Subscribe to the Non-Human & AI Identity Journal

Why do unmanaged service accounts and local credentials create such a large governance gap?

Because they often sit outside the joiner-mover-leaver, review, and vaulting processes that govern human access. If a service account or token is not tied to a clear owner and lifecycle, it can persist indefinitely with privileges that nobody actively revalidates. That is what turns hidden accounts into persistent attack paths.

Why This Matters for Security Teams

Unmanaged service accounts and local credentials create a governance gap because they bypass the controls that make human identity manageable: joiner-mover-leaver workflows, periodic access reviews, and owner attestation. Once a secret is embedded in code, cached on a host, or shared informally, it can outlive the system it was meant to protect. That is why they are repeatedly called out in the OWASP Non-Human Identity Top 10 and in NHIMG’s Top 10 NHI Issues coverage.

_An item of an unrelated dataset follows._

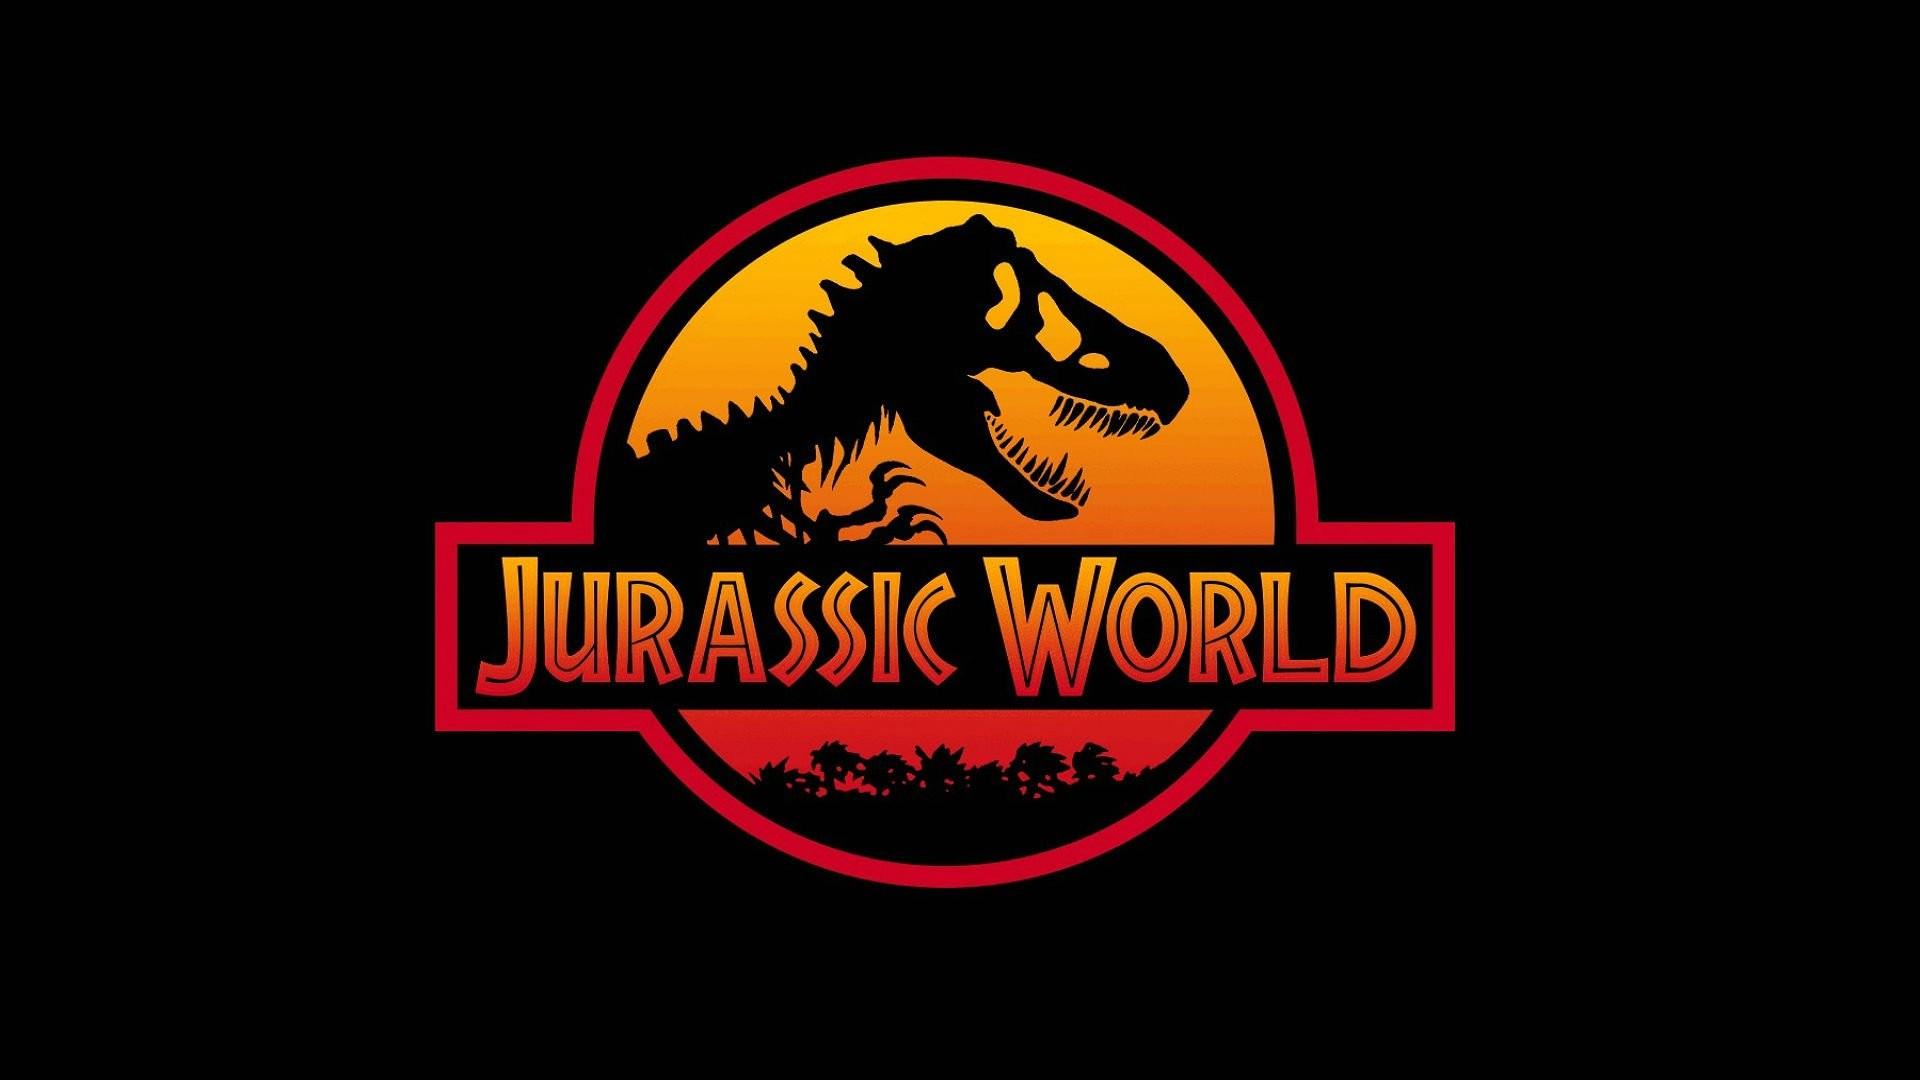 1920x1080 t rex jurassic world wallpaper Google Search DINOSAURIA   HD Wallpapers   Pinterest   Hd

The governance problem is not just visibility. It is that these identities often operate with durable privileges and no reliable business owner, so no one is clearly accountable for rotation, revocation, or scope reduction. In practice, teams discover the risk only after a legacy credential is reused in a breach path or a dormant account becomes the easiest route into a sensitive environment.

How It Works in Practice

Service accounts and local credentials become a large governance gap when they are treated as technical artifacts instead of managed identities. A local admin password on a server, a shared API token in a config file, or a service principal with no owner can all remain active long after the original use case has changed. Best practice is to treat these as non-human identities with the same discipline applied to human access, but the lifecycle must be more automation-heavy because manual review does not scale.

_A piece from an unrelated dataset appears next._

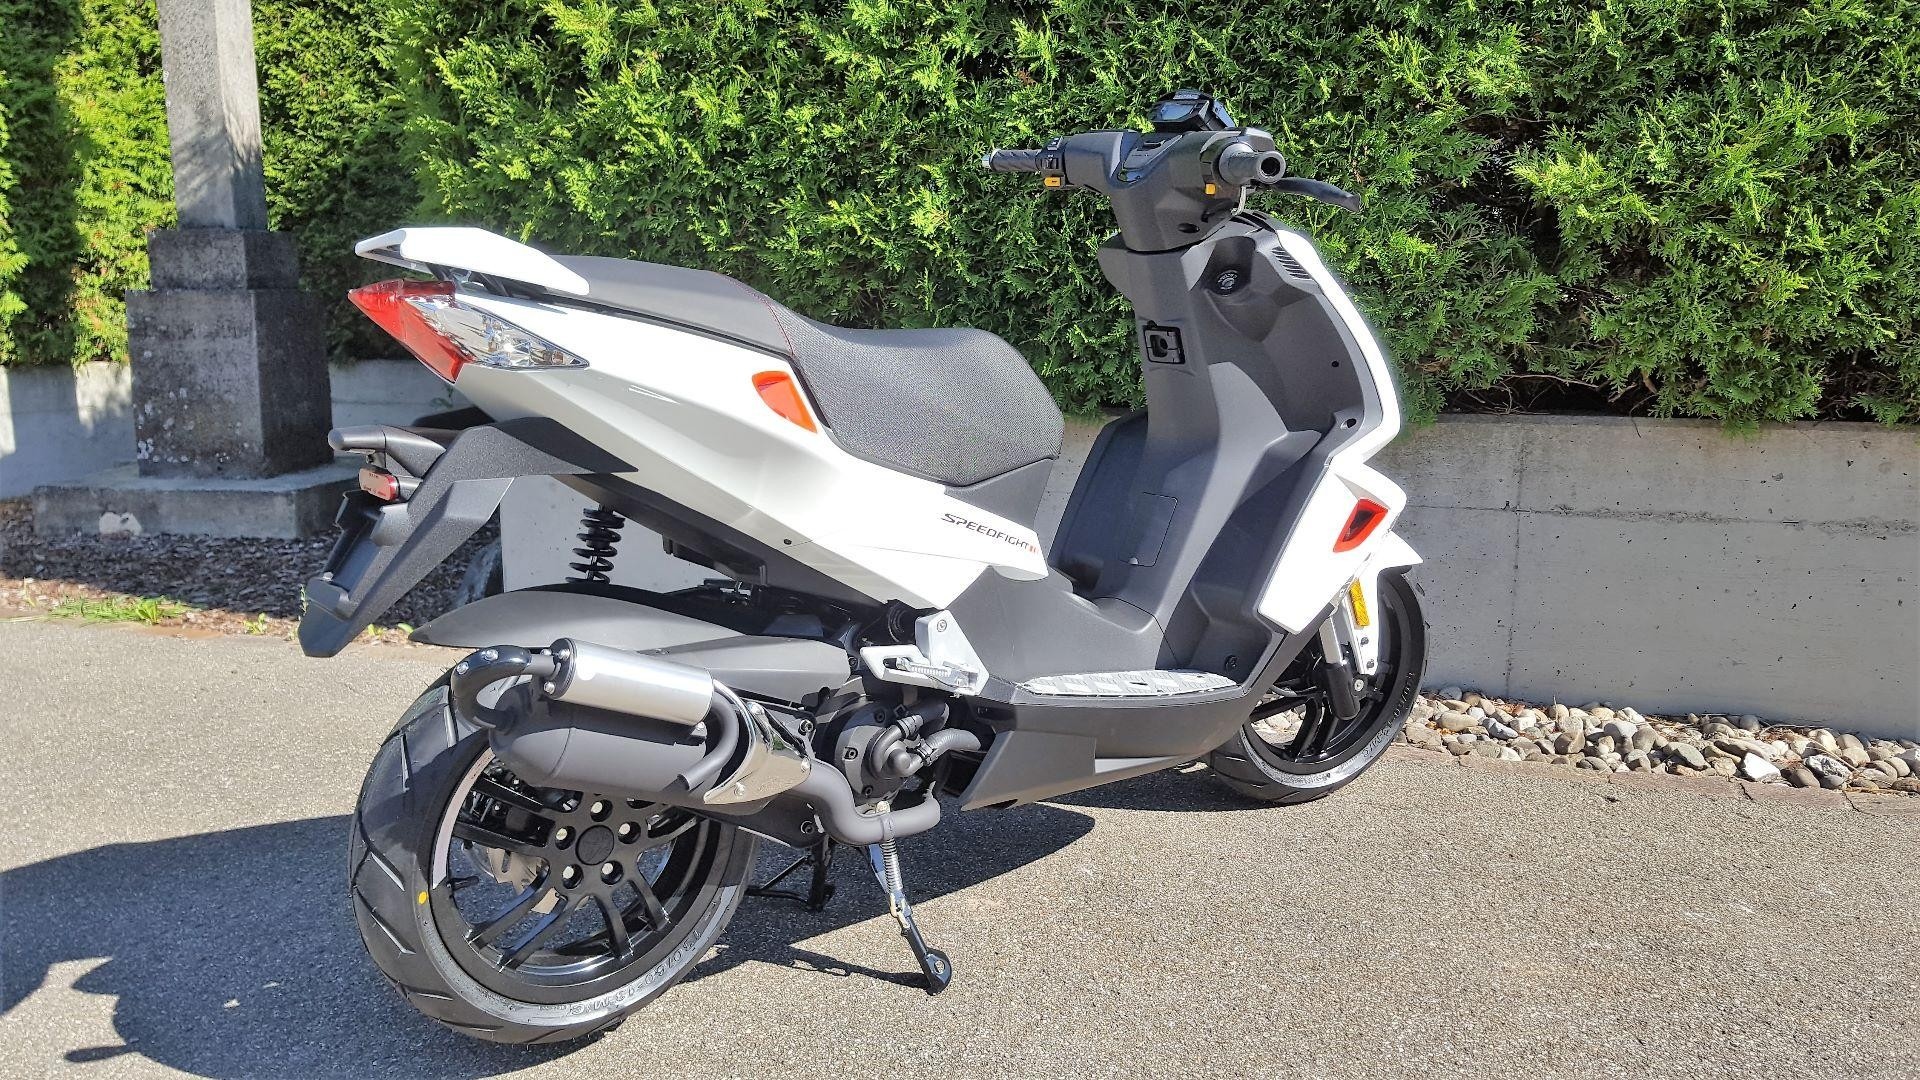 moto neuve acheter peugeot speedfight 4 50 il moto west. Black Bedroom Furniture Sets. Home Design Ideas

A practical control pattern is to pair inventory, ownership, and secret handling:

For implementation, teams increasingly prefer workload-aware controls such as vault-backed issuance, just-in-time access, and policy checks at request time rather than permanent secrets stored on disk. That aligns with the direction of current guidance from NIST and the control language in the OWASP Non-Human Identity Top 10. These controls tend to break down when local credentials are hard-coded into legacy appliances or when shared service accounts are embedded in systems that cannot support rotation without downtime.

Common Variations and Edge Cases

Tighter control over service accounts often increases operational overhead, requiring organisations to balance security gains against uptime, deployment speed, and legacy compatibility. That tradeoff is especially visible in systems that cannot easily accept dynamic secrets or where a vendor requires a static local account for patching, batch jobs, or embedded integrations.

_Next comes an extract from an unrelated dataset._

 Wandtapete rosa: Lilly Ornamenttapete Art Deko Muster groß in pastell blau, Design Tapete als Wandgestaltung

There is no universal standard for this yet, but current guidance suggests prioritising the highest-risk credentials first: shared admins, domain-level service accounts, and secrets that unlock production or data-access paths. Low-risk local accounts may remain temporarily, but only with documented ownership, rotation discipline, and compensating monitoring. NHIMG’s research on the Guide to the Secret Sprawl Challenge and the 2024 Non-Human Identity Security Report shows why this matters: organisations still report weak confidence in workload identity management and persistent reliance on insecure sharing methods.

The hardest edge case is the “necessary” account that no one wants to touch because too many systems depend on it. In those environments, security teams usually need a phased migration plan, not a single cleanup project. In practice, unmanaged credentials become entrenched fastest in hybrid estates and long-lived operational technology stacks, where identity ownership is diffuse and rotation is treated as optional maintenance rather than governance.

Standards & Framework Alignment

This section maps relevant standards and security frameworks to the operational risks and controls described in this guidance.

OWASP Non-Human Identity Top 10 address the attack and risk surface, while NIST CSF 2.0 and NIST SP 800-63 set the governance and control requirements practitioners need to meet.

Framework Control / Reference Relevance
OWASP Non-Human Identity Top 10 NHI-03 Directly addresses unmanaged and overlong non-human credentials.
NIST CSF 2.0 PR.AC-4 Governance gap centers on weak access management for machine identities.
NIST SP 800-63 Identity proofing concepts help distinguish managed from orphaned machine identities.

Inventory every non-human credential, assign ownership, and rotate or revoke anything without a clear lifecycle.